Tribunal Administratif de MELUN — Décision N° TA77-2211889

jeudi 17 août 2023

JuridictionTribunal Administratif de MELUN
SectionTribunal Administratif de MELUN
N° DossierTA77-2211889
TypeDécision
RecoursExcès de pouvoir
FormationReconduite à la frontière
Avocat requérantMOUAFO TAMBO

Texte intégral

Vu la procédure suivante :

Par une requête, enregistrée le 6 décembre 2022, M. B C, représenté par Me Mouafo, demande au tribunal :

1°) d'annuler l'arrêté du 15 novembre 2022 par lequel la préfète du Val-de-Marne l'a obligé à quitter le territoire français dans un délai de trente jours et a fixé le pays à destination duquel il pourra être éloigné d'office ;

2°) à la préfète du Val-de-Marne de lui délivrer un titre de séjour portant la mention " vie privée et familiale " dans un délai de trente jours ou, à titre subsidiaire, de réexaminer sa situation administrative dans le délai d'un mois à compter de la décision à intervenir et de lui délivrer dans l'attente une autorisation provisoire de séjour ;

3°) de l'admettre au bénéfice de l'aide juridictionnelle ;

4°) de mettre à la charge de l'État une somme de 1 500 euros en application des articles L. 761-1 du code de justice administrative et 37 de la loi du 10 juillet 1991.

M. C soutient que :

- la décision portant obligation de quitter le territoire français :

* est entachée d'une erreur de droit en violation de l'article L. 542-1 du code de l'entrée et du séjour des étrangers et du droit d'asile ;

* est entachée d'un défaut d'examen réel et sérieux ;

* viole les articles 8 de la Convention européenne de sauvegarde des droits de l'homme et des libertés fondamentales et L. 423-23 du code de l'entrée et du séjour des étrangers et du droit d'asile ;

* viole le paragraphe 1 de l'article 3 de la Convention internationale des droits de l'enfant ;

* est entachée d'une erreur manifeste d'appréciation ;

- la décision fixant le pays de destination :

* viole l'article 3 de la Convention européenne de sauvegarde des droits de l'homme et des libertés fondamentales ;

* est entachée d'une erreur manifeste d'appréciation.
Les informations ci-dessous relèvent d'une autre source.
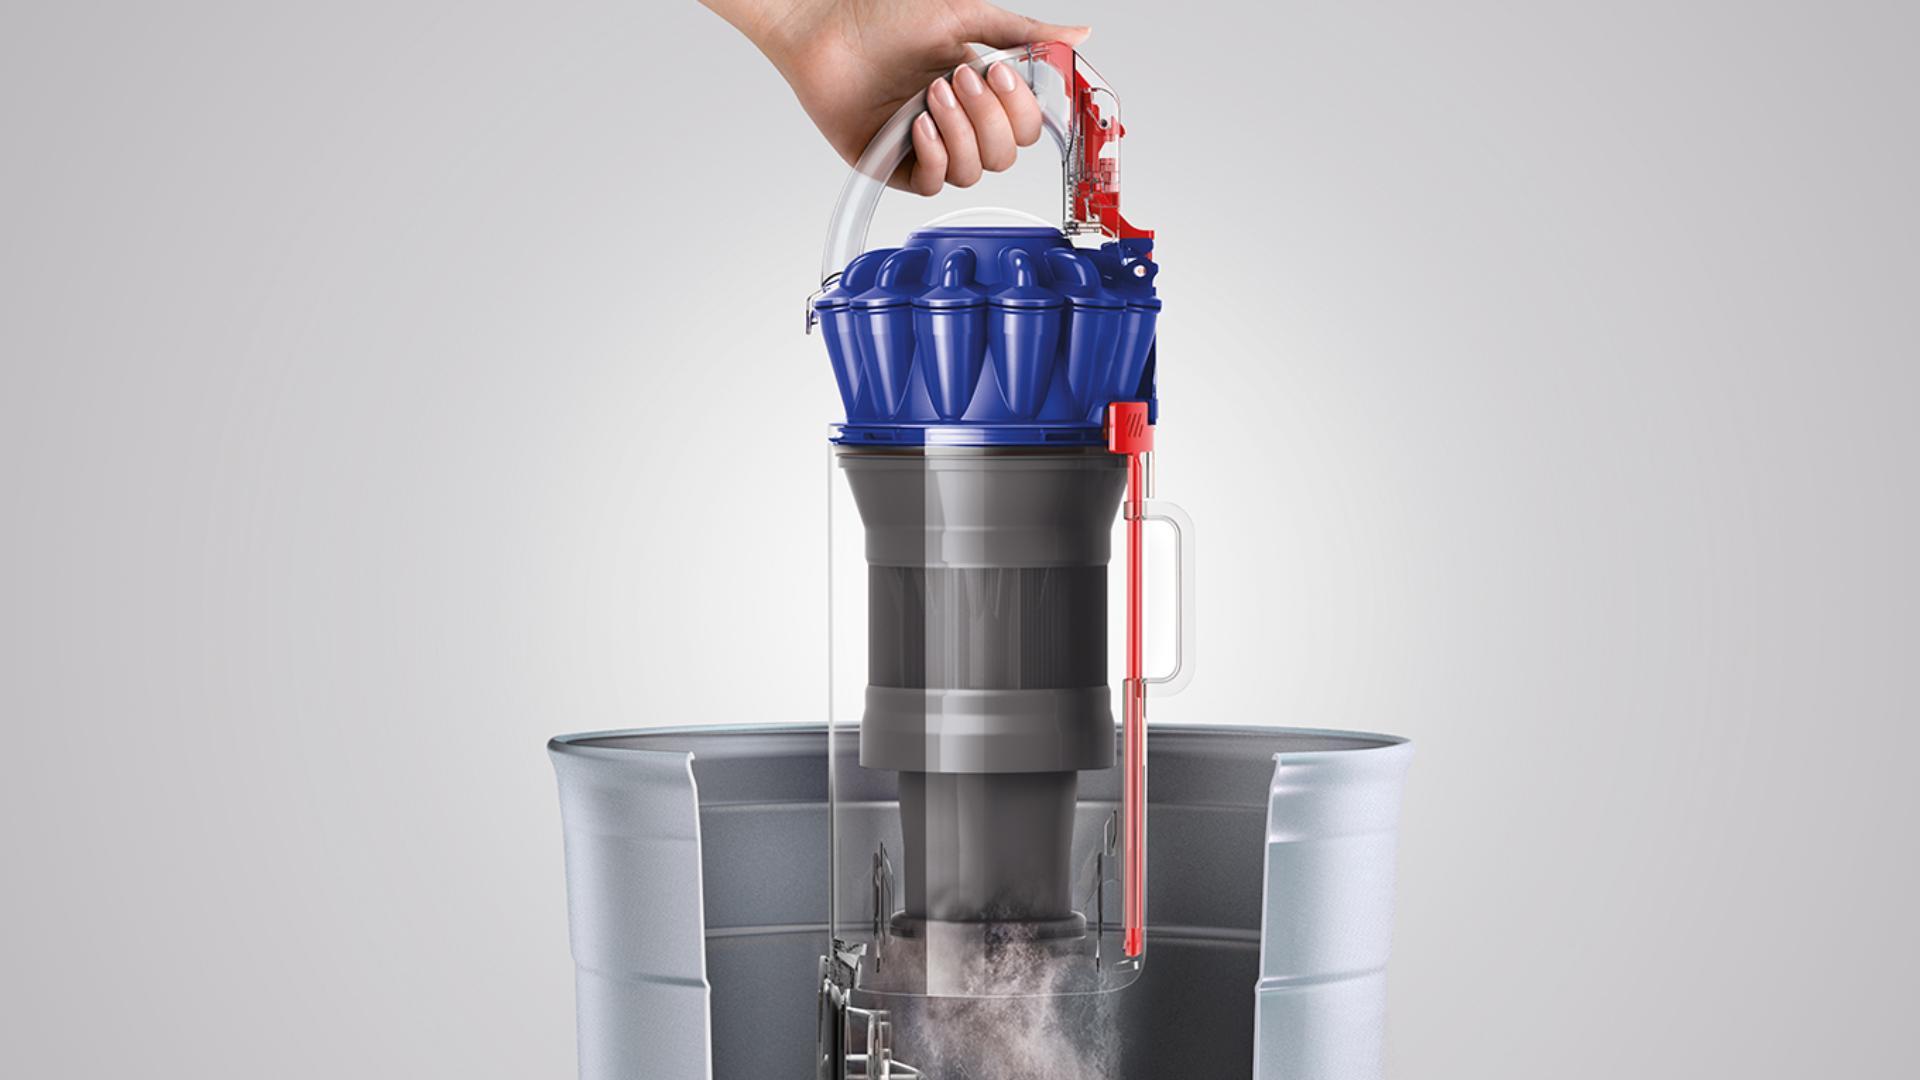 One-click hygienic bin emptying icon

La requête a été communiquée à la préfète du Val-de-Marne, représentée par le cabinet Actis Avocats, qui n'a pas présenté de mémoire en défense mais qui a communiqué des pièces enregistrées les 13 décembre 2022 et 21 juillet 2023.

Vu les autres pièces du dossier.

Vu :

- la Convention de Genève du 28 juillet 1951 relative au statut des réfugiés ;

- la Convention européenne de sauvegarde des droits de l'homme et des libertés fondamentales ;

- la Convention internationale relative aux droits de l'enfant, signée à New-York le 26 janvier 1990 ;

- la directive n° 2008/115/CE du Parlement européen et du Conseil du 16 décembre 2008 relative aux normes et procédures communes applicables dans les États membres au retour des ressortissants de pays tiers en séjour irrégulier ;

- la loi n° 91-647 du 10 juillet 1991 relative à l'aide juridique ;

- le code de l'entrée et du séjour des étrangers et du droit d'asile ;

- le code des relations entre le public et l'administration ;

- le code de justice administrative.

La présidente du Tribunal a désigné M. Girard-Ratrenaharimanga, premier conseiller, pour statuer sur les requêtes relevant de la procédure prévue aux articles R. 776-13-1 et suivants, R. 776-15, R. 777-1 et suivants, R. 777-2 et suivants et R. 777-3 et suivants du code de justice administrative.

Les parties ont été régulièrement averties du jour de l'audience.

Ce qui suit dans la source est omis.